First, preventing collaboration on homework was impossible: early assignments are too simple to reliably identify anything but the laziest instances of cheating. Similarly, it was important to provide exemplary solutions, introducing the risk of multiple-account cheating.

Therefore, we explicitly allowed collaboration on homework and granted unlimited attempts at most problems. Thus, students may focus on homework as a learning opportunity, without the high stakes that would otherwise motivate dishonesty.

Tests

However, completion of homework is therefore not a reliable indicator of ability. So, half of the course grade is based on proctored tests. Achieving a passing grade requires strong performance on tests regardless of homework grades. These tests, then, must be sufficient indication of the student’s skill.

A digital proctoring service, Proctortrack from Verificient, asserts the straightforward parts of academic honesty during tests: no external aid, no live collaboration, and one attempt per student (not per account).

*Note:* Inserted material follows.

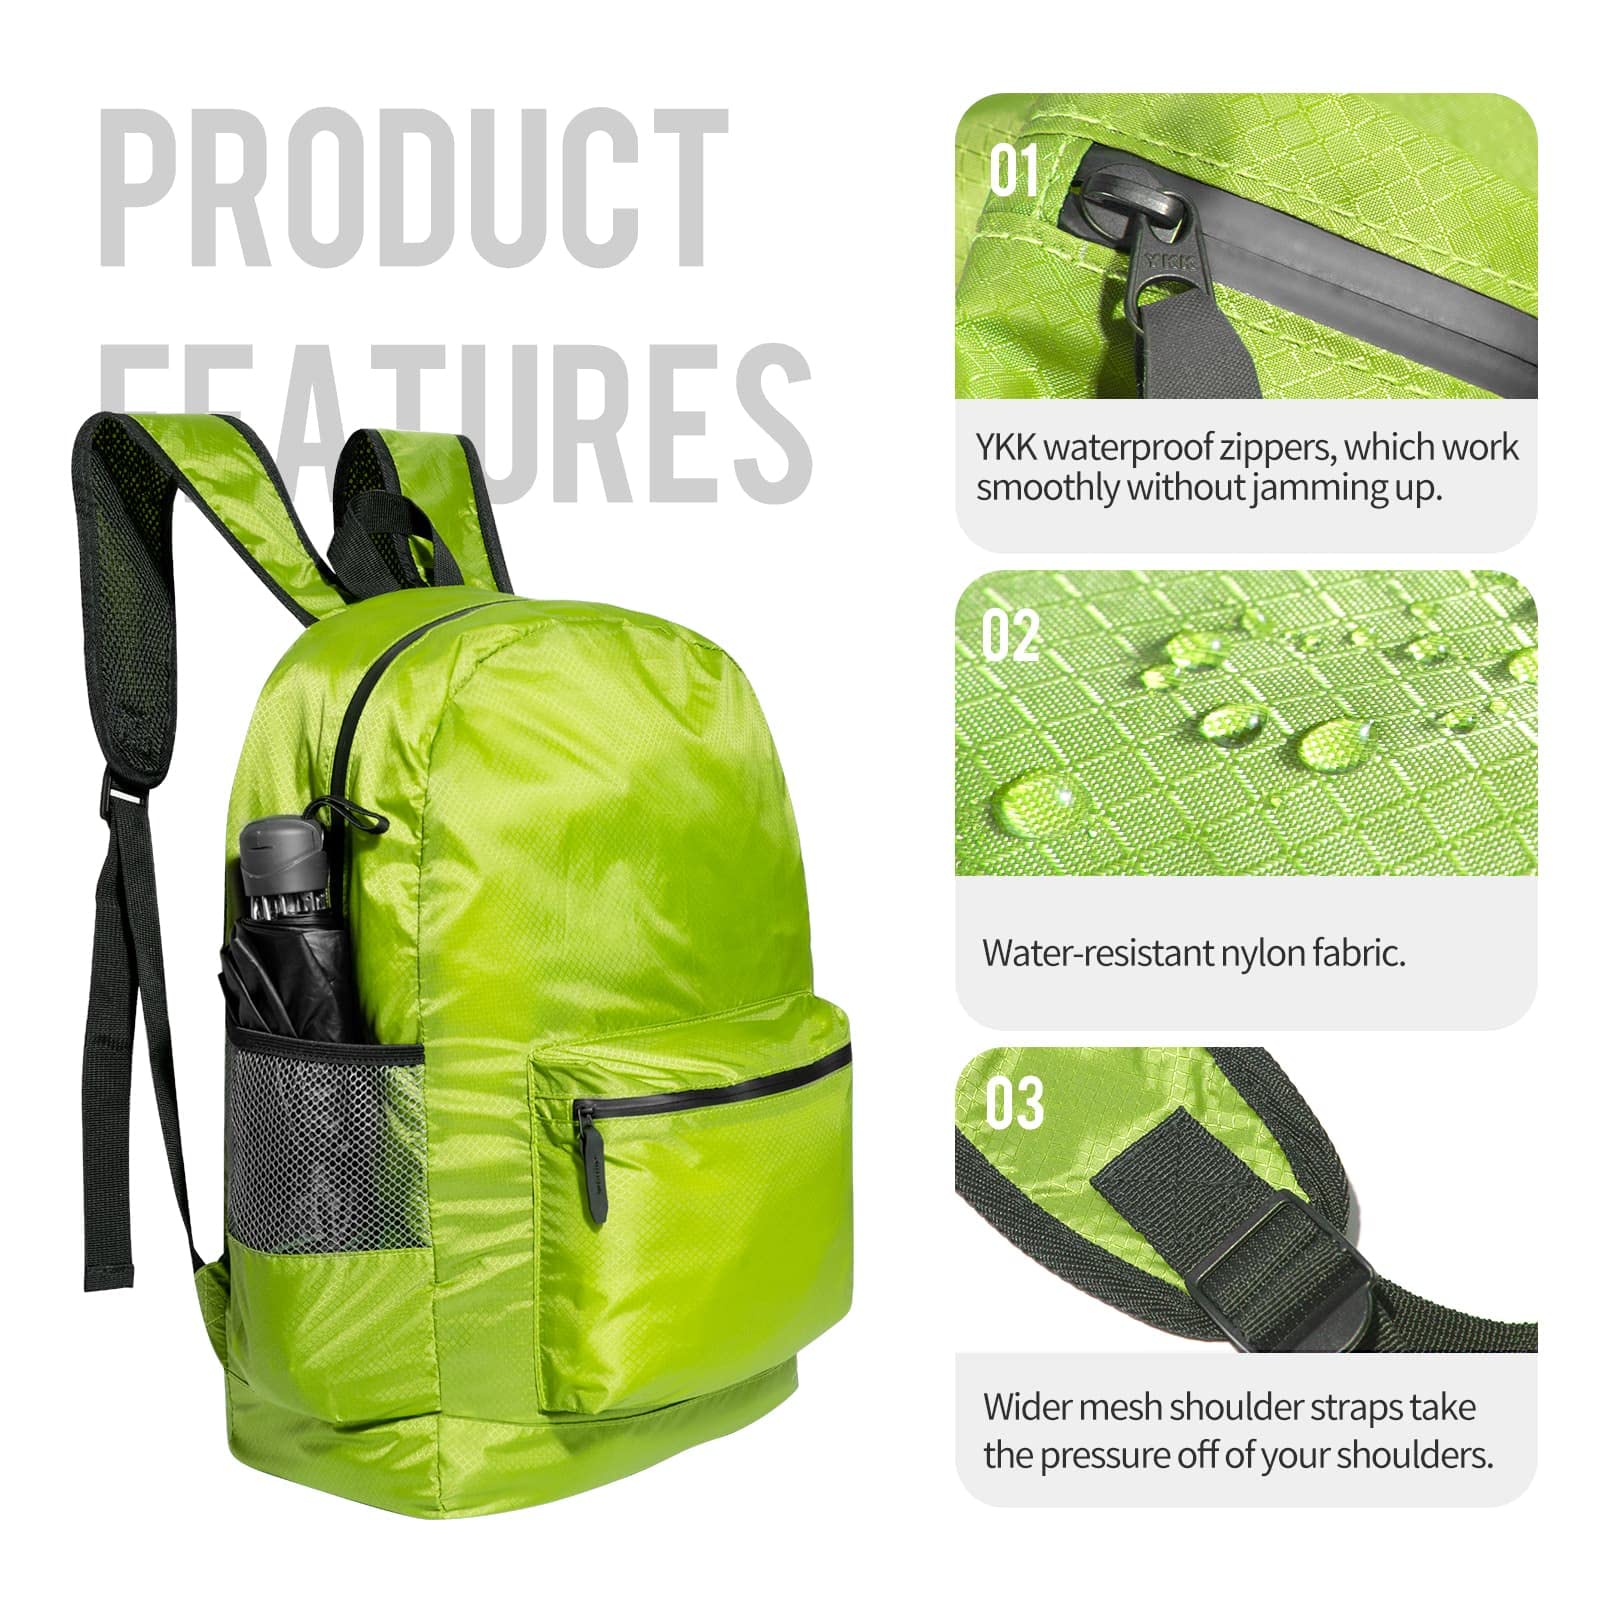 20L Lightweight Packable Backpack Product Details

However, the self-paced structure risks asynchronous collaboration: students who previously completed a test may share information with those who have not. To avoid this, the tests are designed to limit the usefulness of such information-sharing. First, we share preparation material listing the problems students will be given. To compensate, the questions are made challenging, and students are urged to work out solutions in advance. Second, problems are graded automatically and immediately, without partial credit. The problems’ complexity makes it unlikely that a student could sufficiently memorize solutions without significant content knowledge, and live feedback in lieu of partial credit means students must debug and resolve issues live during the test.

Summary

Thus, the endorsement of a student’s ability is based on proctored tests with reliable measures against live collaboration. Asynchronous collaboration is mitigated by providing information that could otherwise be shared, and by writing problems with the complexity and structure necessary to endorse students’ ability regardless of previous collaboration and preparation.

References

Bidgood, J. & Merrill, J. (2017, May 30). As Computer Coding Classes Swell, So Does Cheating. New York Times, pp. A1.

Geigle, C., Zhai, C., & Ferguson, D. C. (2016, April). An Exploration of Automated Grading of Complex Assignments. In Proceedings of the Third (2016) ACM Conference on Learning @ Scale (pp. 351-360). ACM.

Jensen, J. C., Lee, E. A., & Seshia, S. A. (2013, April). Virtualizing cyber-physical systems: Bringing CPS to online education. In Proc. First Workshop on CPS Education (CPS-Ed).

Northcutt, C. G., Ho, A. D., & Chuang, I. L. (2016). Detecting and preventing “multiple-account” cheating in massive open online courses. Computers & Education, 100, 71-80.

Salzmann, C., Gillet, D., & Piguet, Y. (2016, February). MOOLs for MOOCs: A first edX scalable implementation. In 2016 13th International Conference on Remote Engineering and Virtual Instrumentation (REV) (pp. 246-251). IEEE.